A testbench for experimenting with Apache Hive at any data scale.

Overview

The hive-testbench is a data generator and set of queries that lets you experiment with Apache Hive at scale. The testbench allows you to experience base Hive performance on large datasets, and gives an easy way to see the impact of Hive tuning parameters and advanced settings.

Prerequisites

You will need:

  • A Linux-based HDP cluster (or Sandbox).
  • Between 15 minutes and 6 hours to generate data (depending on the Scale Factor you choose and available hardware).

Install and Setup

All of these steps should be carried out on your Hadoop cluster.

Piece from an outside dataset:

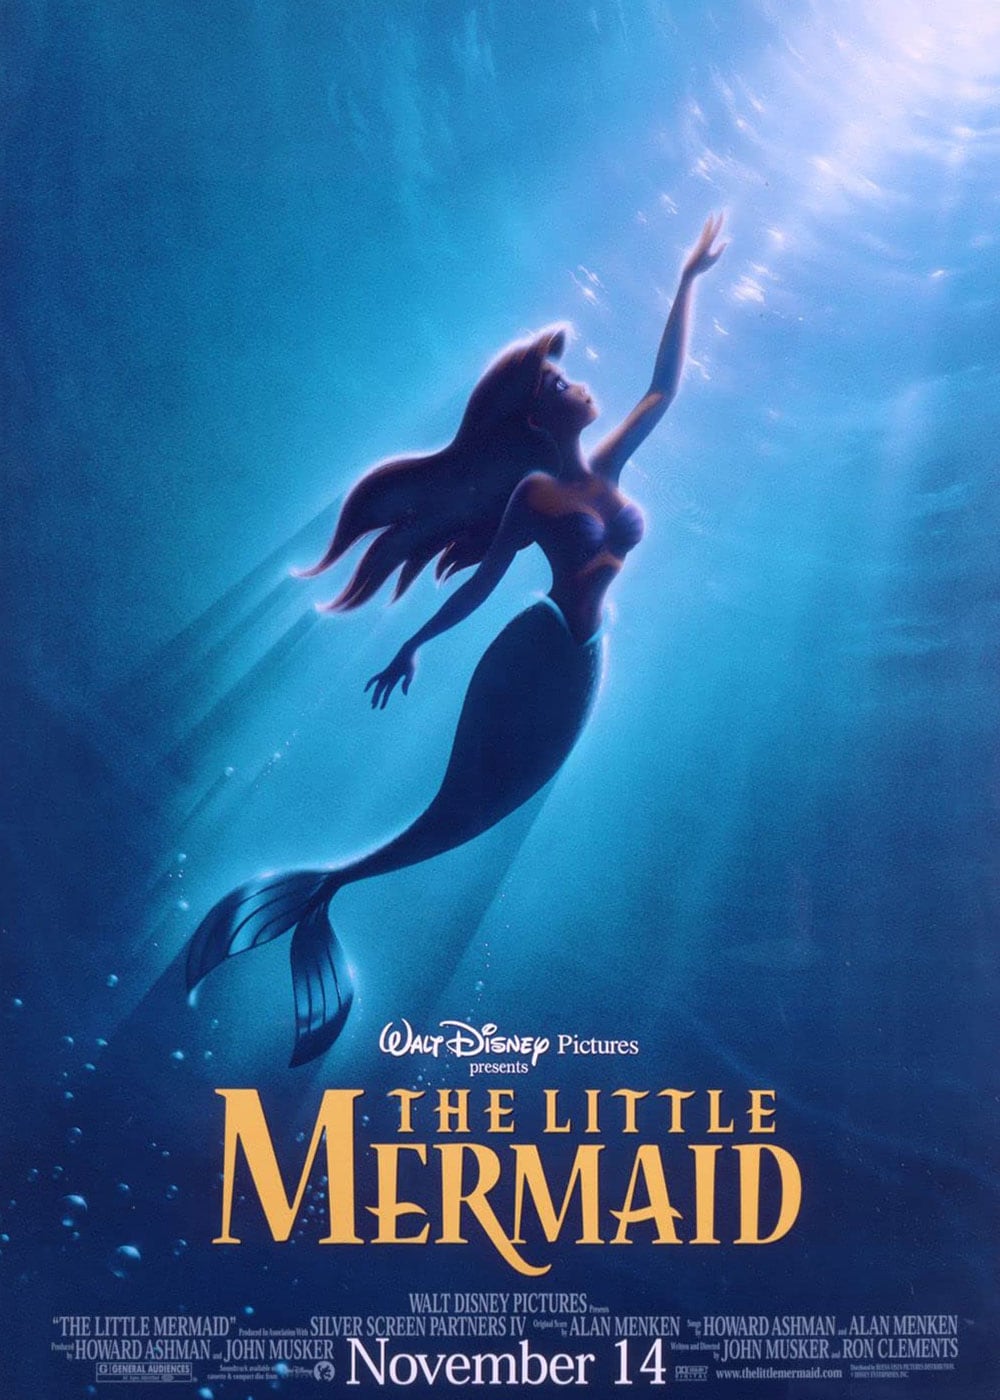 andrew biggy recommends the mermaid full movie in hindi pic

  • Optional: Install a Tez capable version of Hive.

If you want to compare and contrast Hive on Map/Reduce versus Hive on Tez, install a version of Hive that works with Tez. For now that means installing the Stinger Phase 3 Beta. Hive 13 and beyond, when they are released, will include Tez support by default.

  • Step 1: Prepare your environment.

Before you begin, gcc, and maven (mvn)must be in your system path. This is needed to compile the data generation program and package it for running inside Hadoop. These only need to be installed on one node of your Hadoop cluster.

On Ubuntu systems you can install all these via sudo apt-get install gcc maven. On RHEL / CentOS, most of these are availabile, start with sudo yum install gcc. Maven must be installed manually.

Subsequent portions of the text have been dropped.